WHAT THIS TASK INVOLVES:
Restrict the output to the lines below starting at the one that contains "A woman in a" and ending at the one that contains "grey knit jumper", and restate them word for word, both ends included.

DATA SHOWN:
>>>

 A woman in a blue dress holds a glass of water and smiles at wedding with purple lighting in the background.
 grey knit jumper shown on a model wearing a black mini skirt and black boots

<<<
>>>

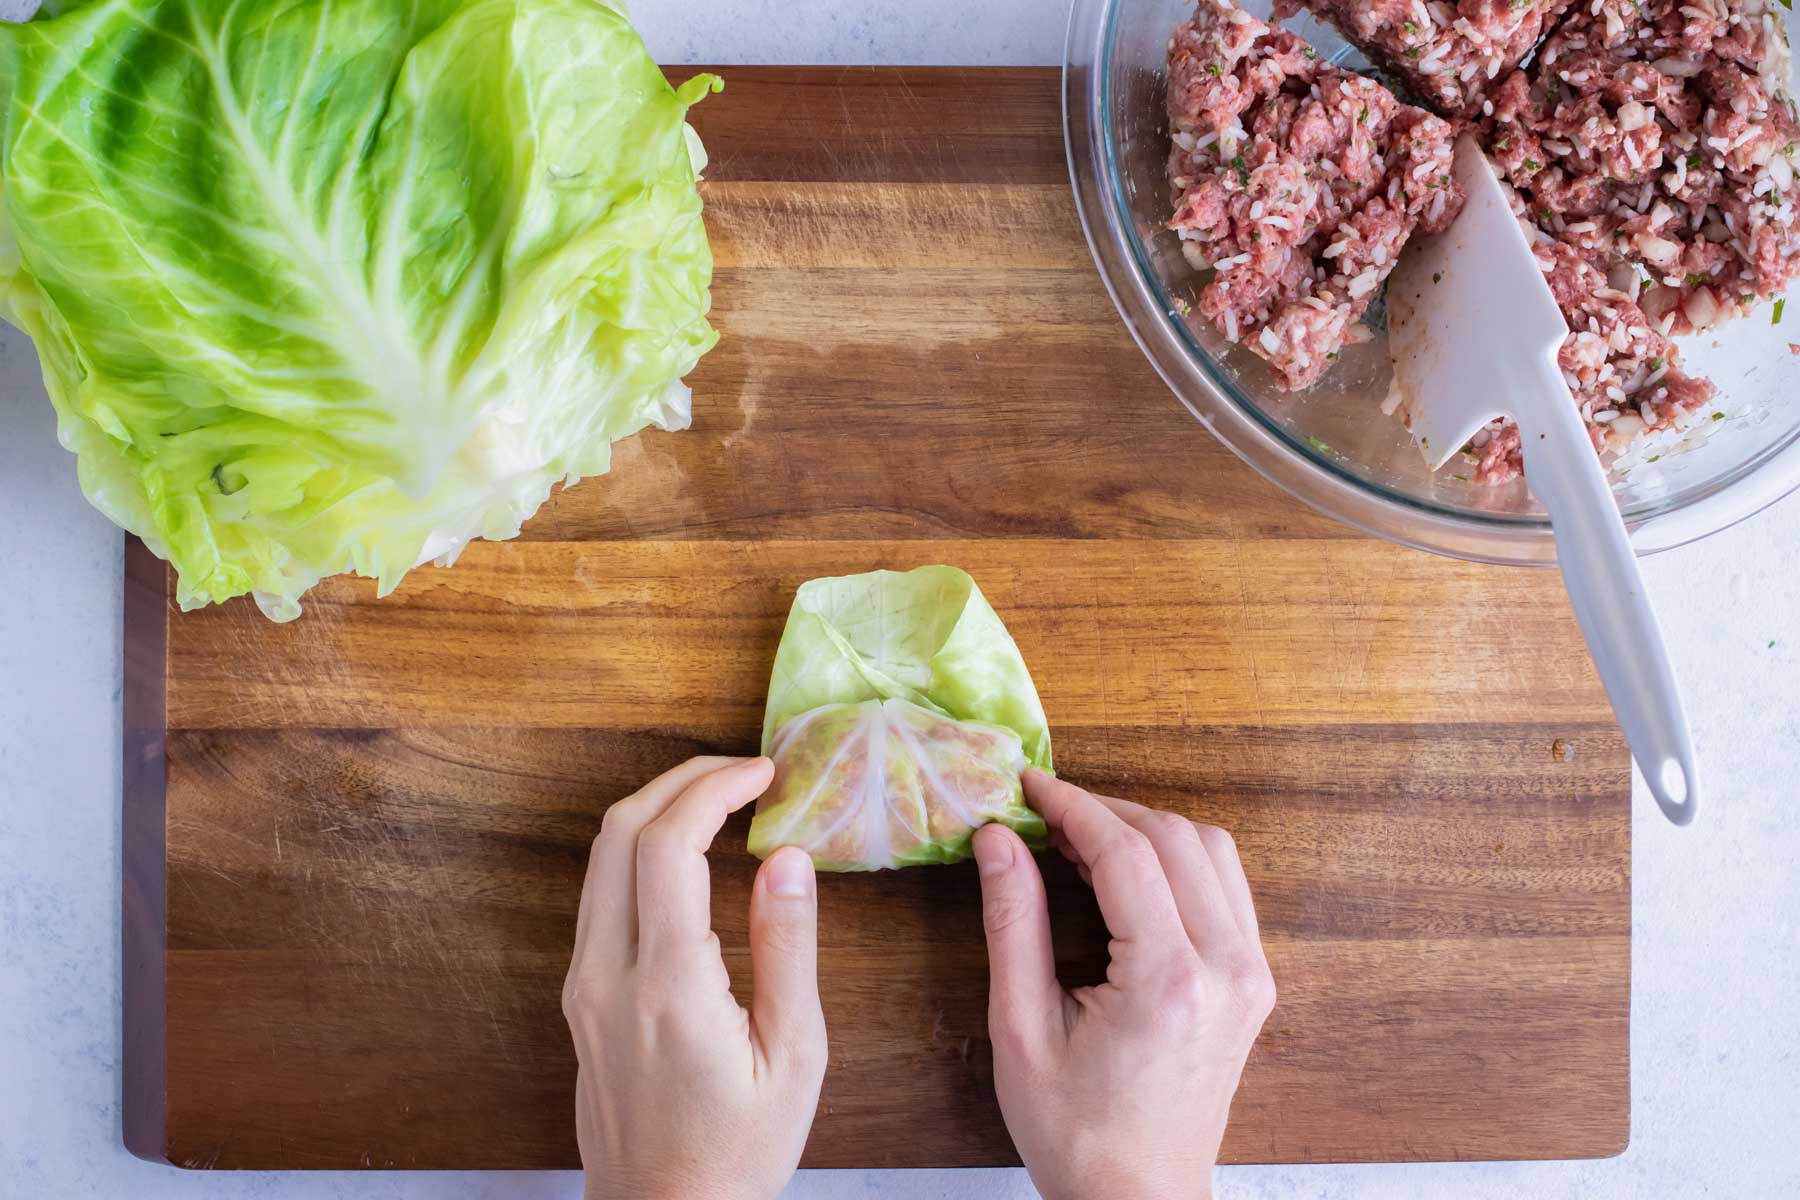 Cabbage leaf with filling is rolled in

<<<
>>>

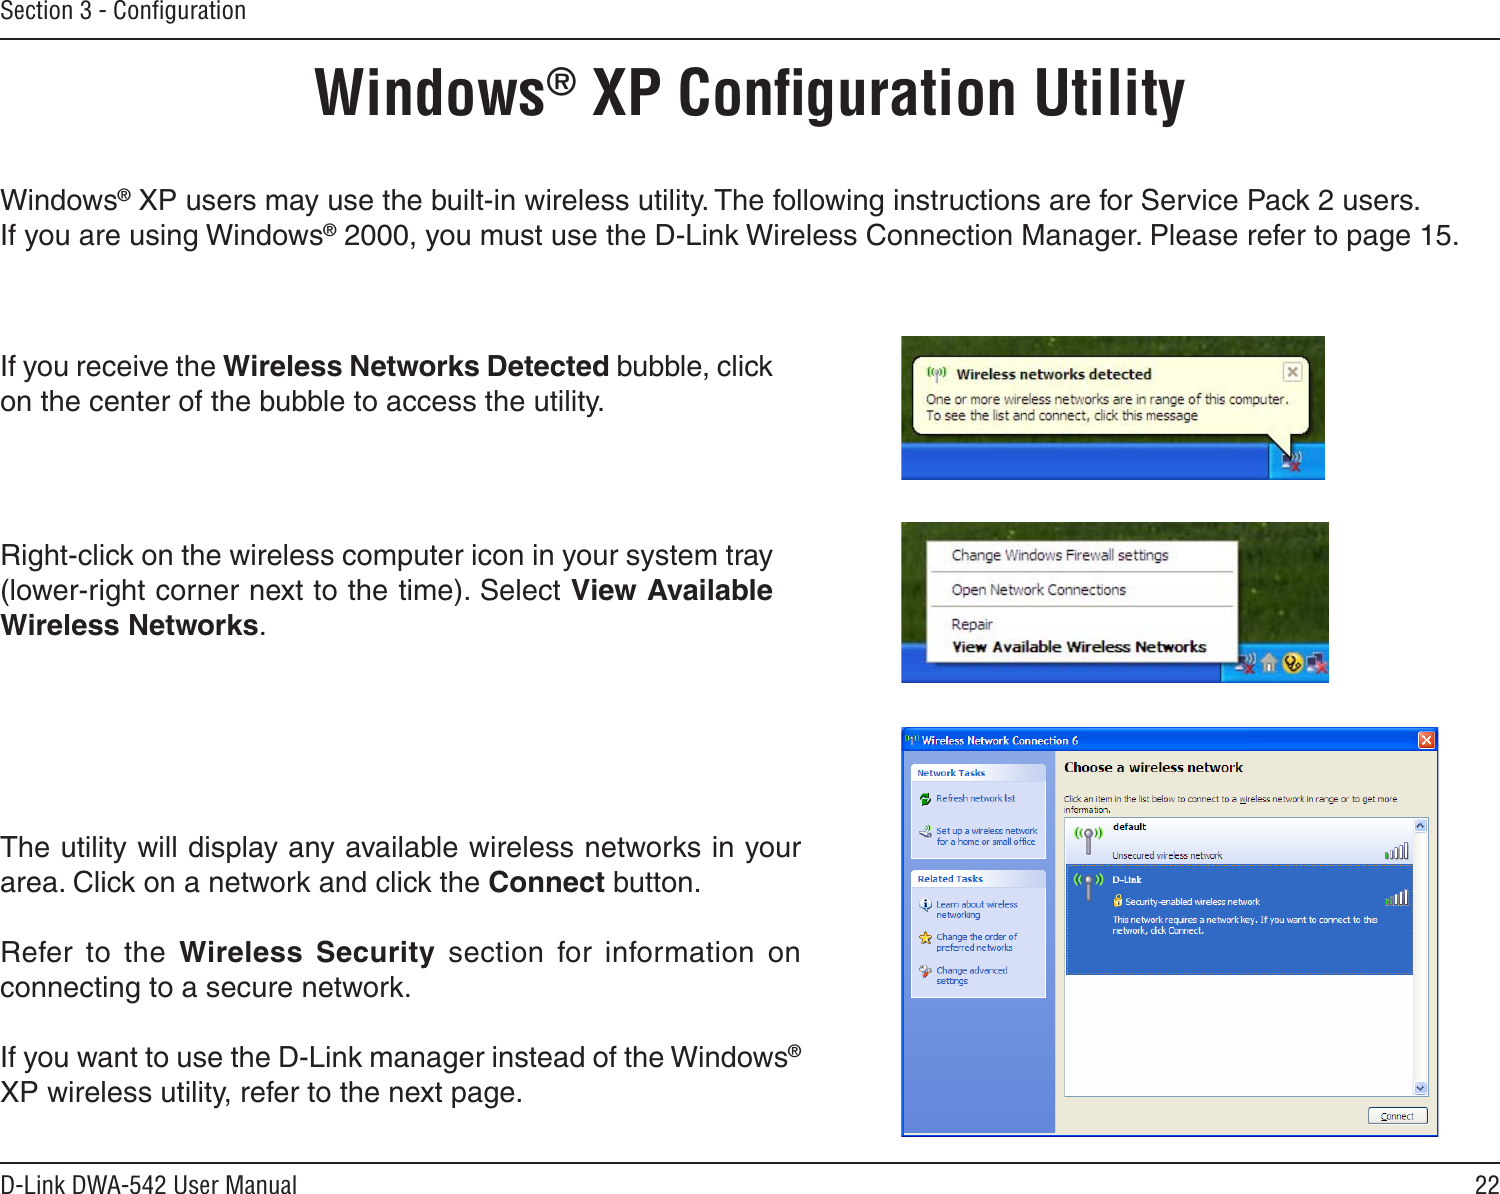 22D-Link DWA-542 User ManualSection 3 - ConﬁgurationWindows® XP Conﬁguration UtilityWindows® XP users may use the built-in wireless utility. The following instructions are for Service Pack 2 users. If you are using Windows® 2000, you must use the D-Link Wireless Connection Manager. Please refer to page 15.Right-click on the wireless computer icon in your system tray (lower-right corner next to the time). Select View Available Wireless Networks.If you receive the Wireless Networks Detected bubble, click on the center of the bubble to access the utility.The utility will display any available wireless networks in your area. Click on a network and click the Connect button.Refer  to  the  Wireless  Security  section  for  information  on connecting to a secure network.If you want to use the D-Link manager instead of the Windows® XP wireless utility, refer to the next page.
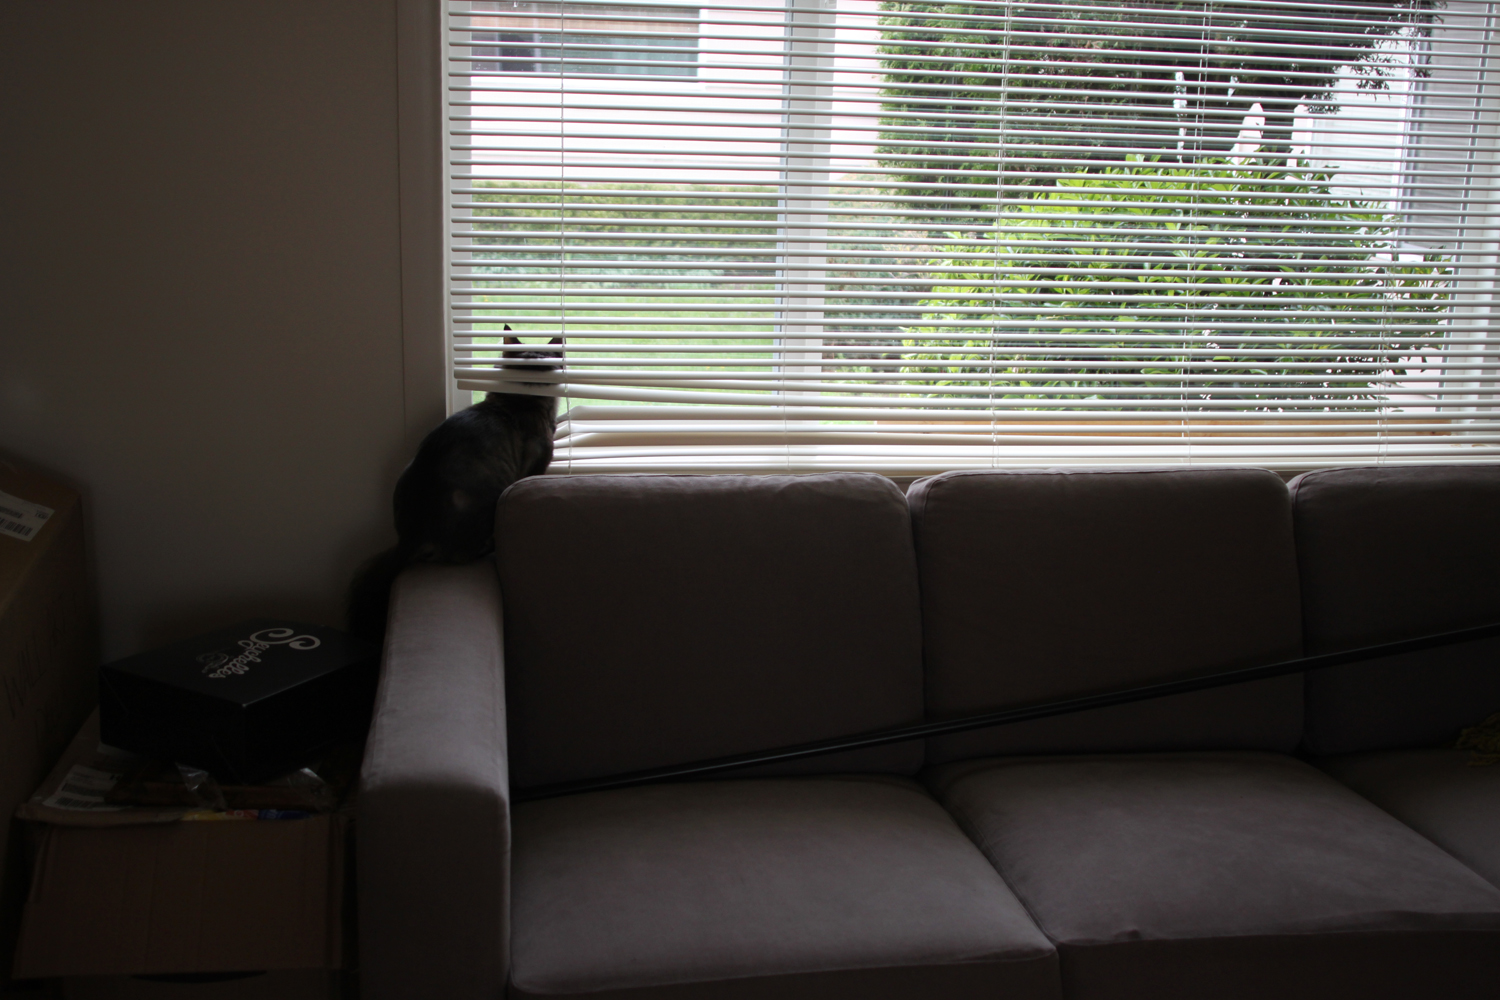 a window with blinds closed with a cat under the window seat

<<<

EXERCISE RESULT:
 A woman in a blue dress holds a glass of water and smiles at wedding with purple lighting in the background.
 grey knit jumper shown on a model wearing a black mini skirt and black boots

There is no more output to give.